In my day we did Latin in school so we all knew the meaning of the phrase Quis custodiet ipsos custodes?
I suppose the inherent conundrum contained in the question appealed to our young brains. Who polices the police? On in the Irish context, who guards the guards?
A lot of people have been asking the same hoary old question here in the past week. This followed the revelation over a week ago that the offices of the Garda Siochana Ombudsman Commission (GSOC) in Dublin may have been bugged.
And that, of course, raised the intriguing question of who might have been doing the bugging? Criminals? Subversives? The Brits? Or, as seemed most likely, the guards themselves?
If you’ve been following the Irish media over the past week you will be aware that this issue has blown up into a major dispute here, filling pages and pages of the newspapers. But before we get into the claims and counterclaims, let us first have a look at what GSOC is.
The police in Ireland are called the Garda Siochana (Irish for guardians of the peace) and in everyday language they are called “the guards.” There are around 15,000 of them.
With that many in the force, there will always be a few bad apples and a few bullies, and this used to be dealt with by a complaints board which used guards to conduct investigations into their colleagues, which was close to allowing our police to police themselves.
In modern democracies this is regarded as unsatisfactory, so in 2007 the Garda Siochana Ombudsman Commission was established and began its work. The GSOC has its own investigators, made up of former police officers from Ireland and abroad.
Since 2007 it has grown into a substantial and busy organization with a budget of nearly €9 million a year, investigating complaints against members of the guards. As well as the three commissioners, the chairman being a former senior British policeman, it has a staff of 80, more than 30 of who are in the investigations unit.
Most of the complaints they get are what you would expect -- discourtesy, bullying, abuse of power, some criminality.
In 2012, for example, they dealt with over 5,000 complaints, but the vast majority of these were not sustainable and only a few dozen led to any action. Most of these resulted in warnings or loss of pay, and only 13 ended in prosecutions.
And this fits with the general perception of the guards here as trustworthy and considerate. There is strong public support for the guards and appreciation of the work they do.
All you have to do is walk through our cities and towns on a weekend night after closing time to see the disgusting behavior they have to put up with. And frequently “they” are just a couple of young guards facing a drunken, drugged and violent mob out of their heads and looking for trouble.
There is also the fact that crime in Ireland has become much like anywhere else, with shootings and stabbings now commonplace. On top of that we have the remnants of the Republican gunmen and heavily armed drug gangs, sometimes working together.

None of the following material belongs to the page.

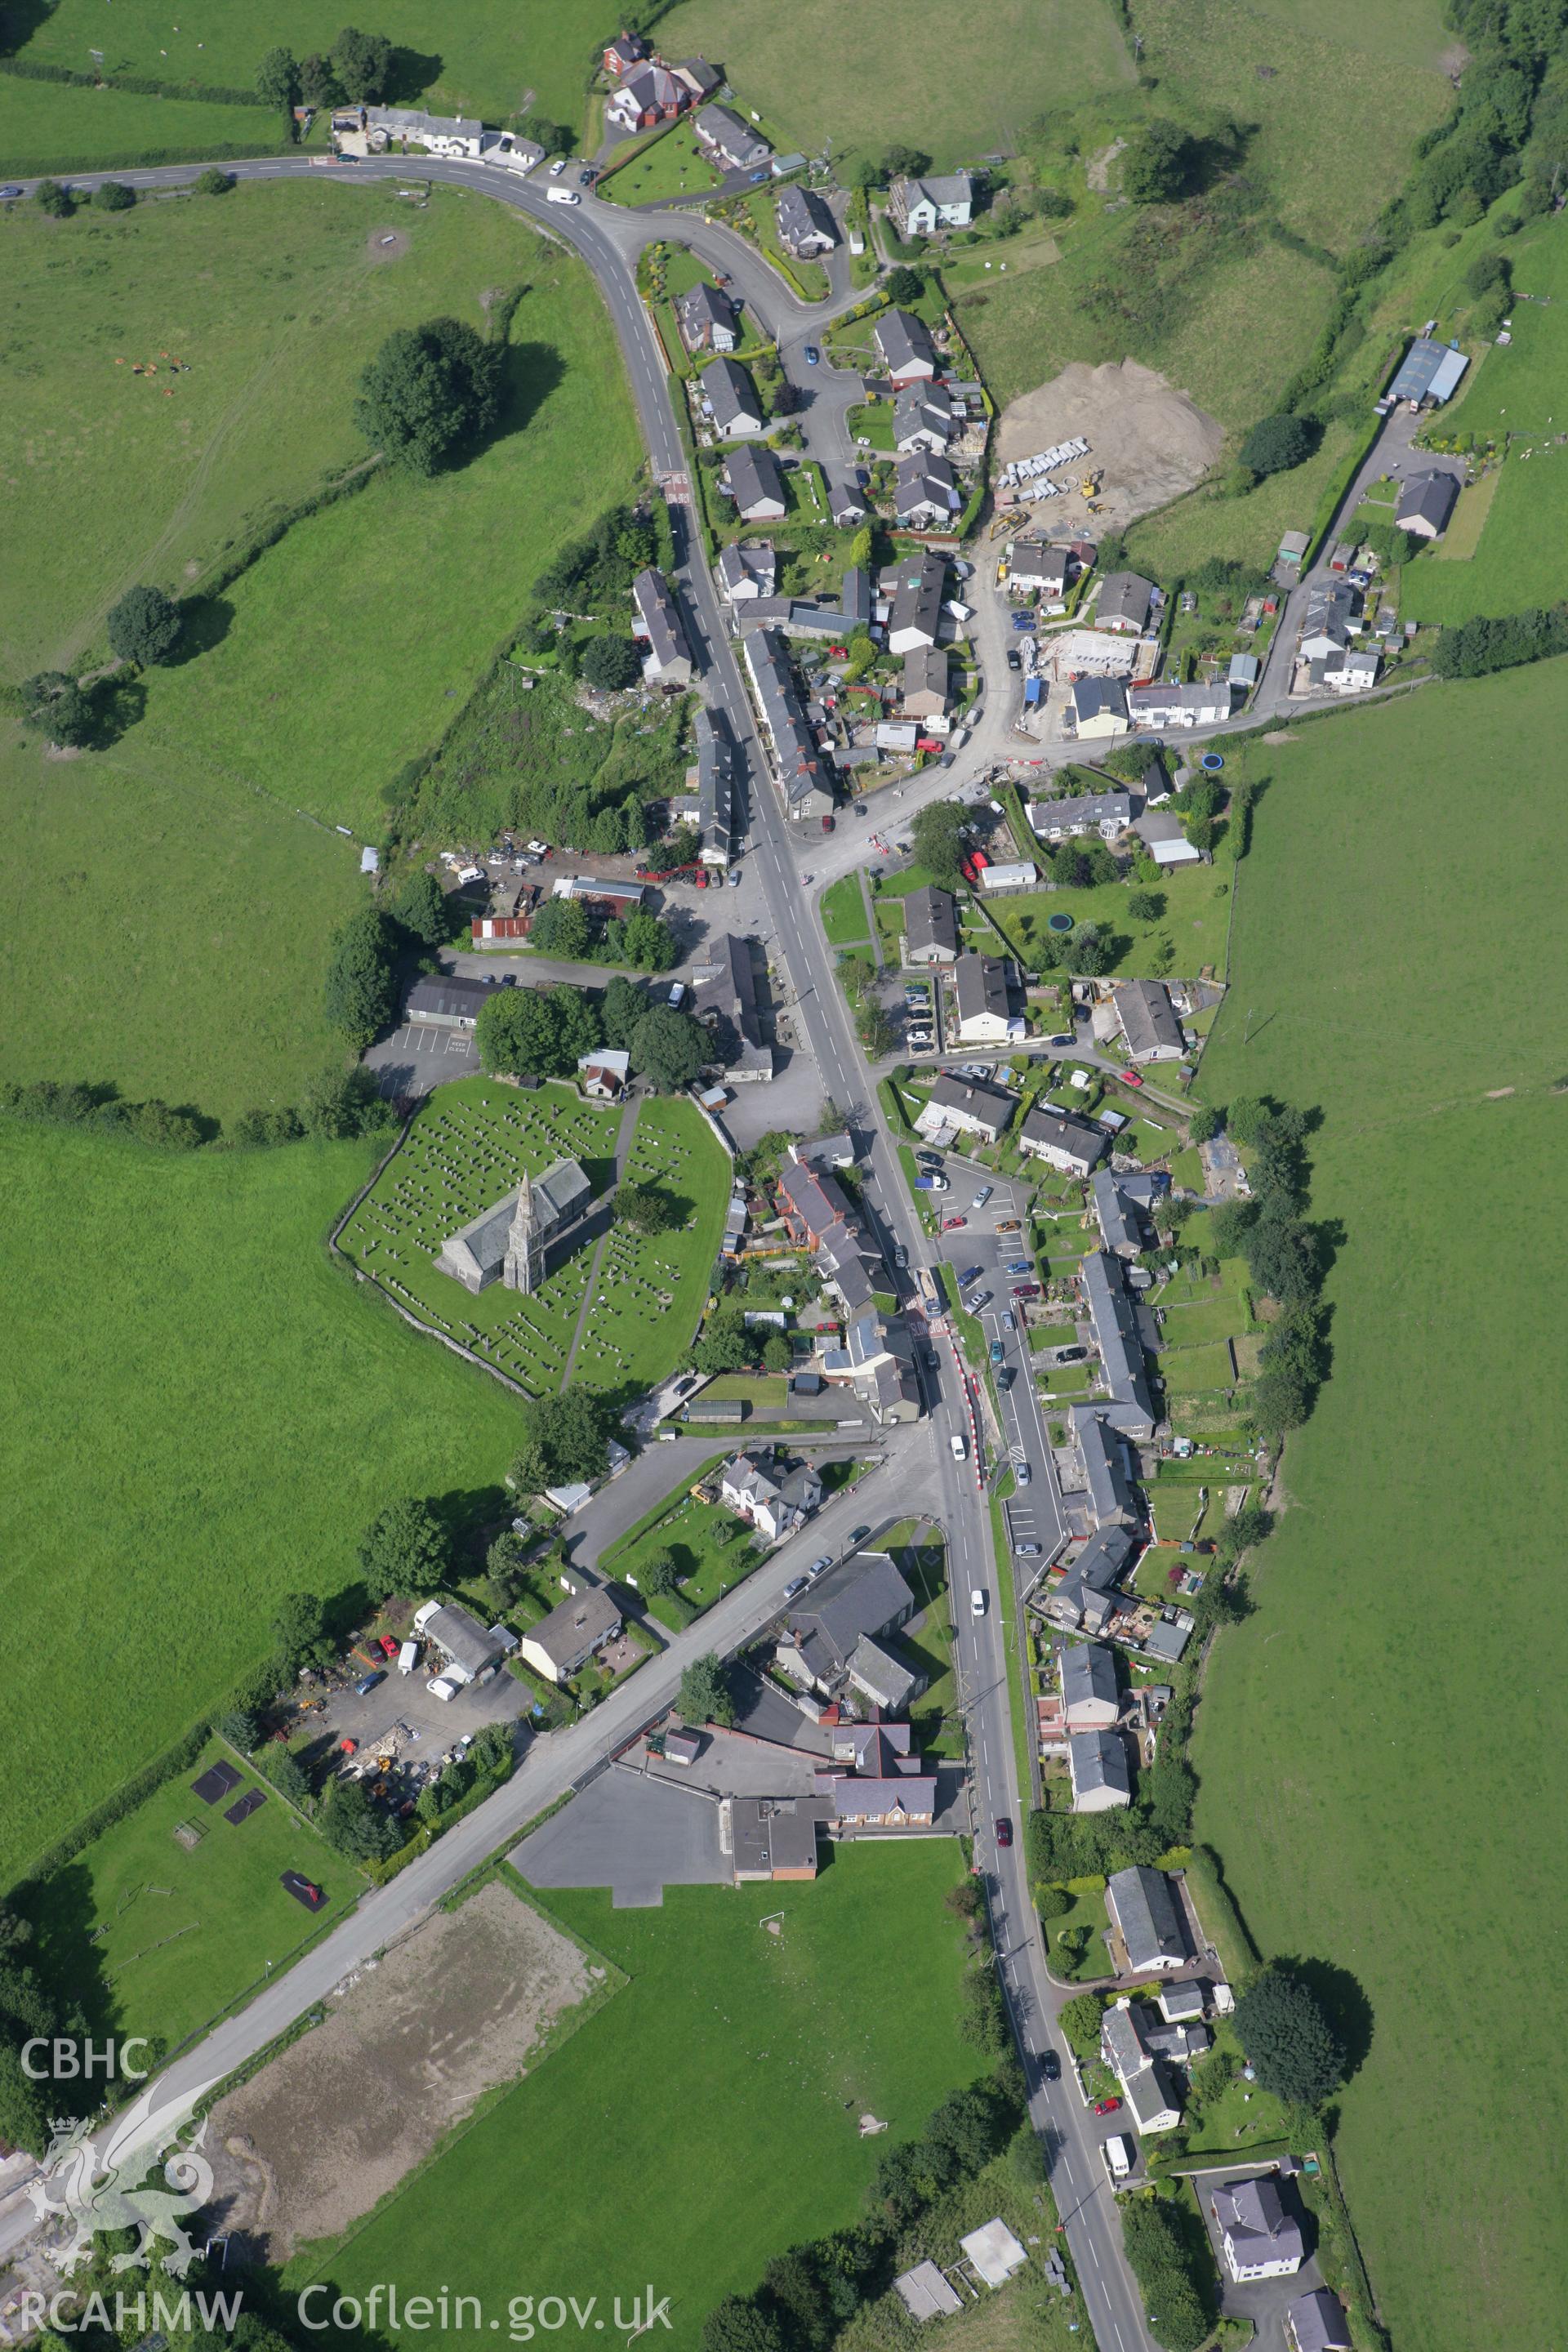 RCAHMW colour oblique aerial photograph of St Beuno's Church, in view of Gwyddelwern village. Taken on 31 July 2007 by Toby Driver

In spite of this the police here are still an unarmed force, although they can call up mobile armed Emergency Response Units when needed.
Overall, it would be fair to say that most people here hold the Garda Siochana in high esteem. But there have been problems in some areas (Donegal, for example, where some of the force went rogue some years back, and there is the ongoing controversy over driving penalty points being quashed and other issues.
So there is no doubt that we need the GSOC there to investigate individual guards when things go wrong. Unfortunately this idea of an outside body looking into their affairs has never been fully embraced by the guards themselves. Even at the top level in the guards lip service is paid to the GSOC and the right noises are made, but cooperation can be minimalist.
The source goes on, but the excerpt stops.